Don't monkeys hang upside-down sometimes? I know people do – at least financially. In fact, if you've bought a new car recently, there's a good chance you're upside-down right now.

With a car loan, upside-down means that your owe more on the car than it's worth. This is likely if you took out a loan with a small down payment or a long payback period.

Example:

New Car Cost: $25,000.00

Down Payment: $2,000.00

Annual Interest Rate: 7.50%

Loan Term: 60 months

At the end of one year your car would likely have a wholesale value of around $18,093. But your loan would have a balance of $19,062 You would be 'upside-down' to the tune of $968.

If you decided to trade in this car you would have to deliver the car to the dealer AND also give the dealer $968! Now the dealer isn't crazy, he's going to hide this. He will do his best to convince you that you are coming out ahead. But I guarantee he will get his $968. Always remember the dealer can prove anything with numbers.
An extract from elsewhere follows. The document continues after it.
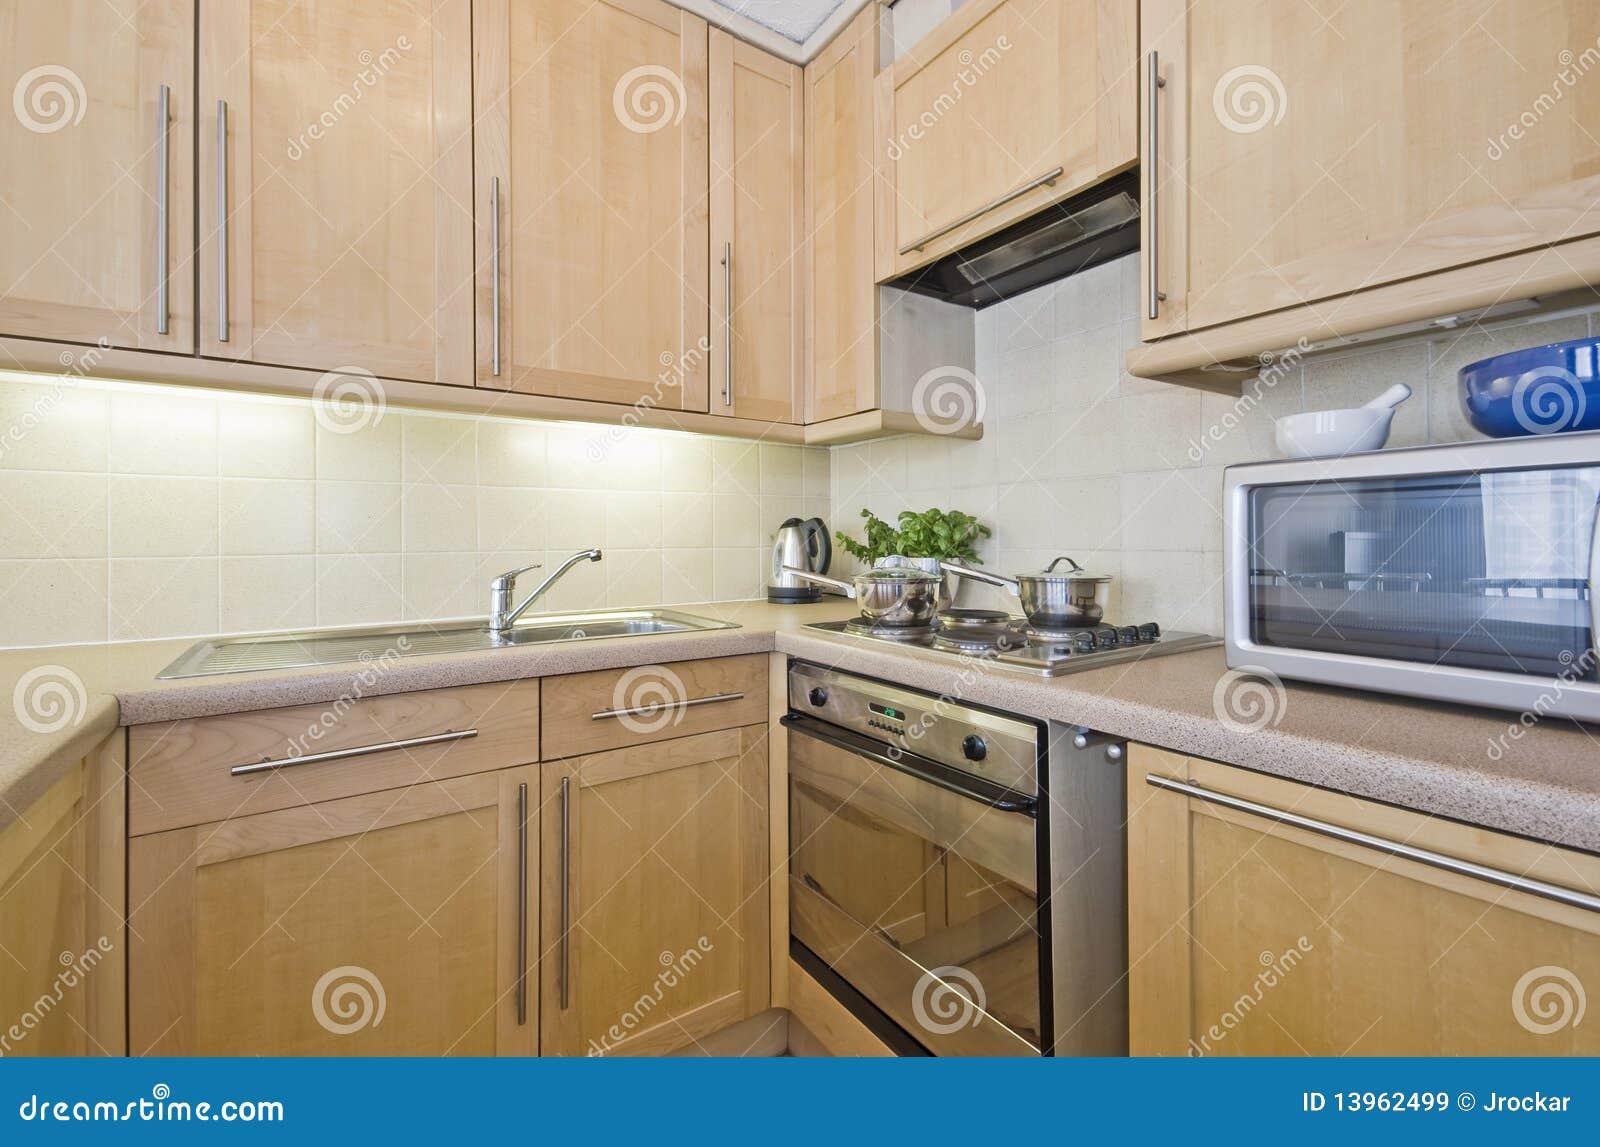 L ment de cuisine images libres de droits image 13962499 for Element de cuisine independant

So are you stuck with the car forever? Well actually no. In this example you break even just about at the end of the second year. So at the end of the second year you should be able to trade it in and receive at least some credit towards a new car.

The obvious point here is that you should wait until the car is worth more than the loan balance before trading in.

However, a more important point I'm making is that small down payments or long loan terms are asking for trouble. In the case of car loans, let some other monkey be upside-down. Make a large down payment and keep the term short.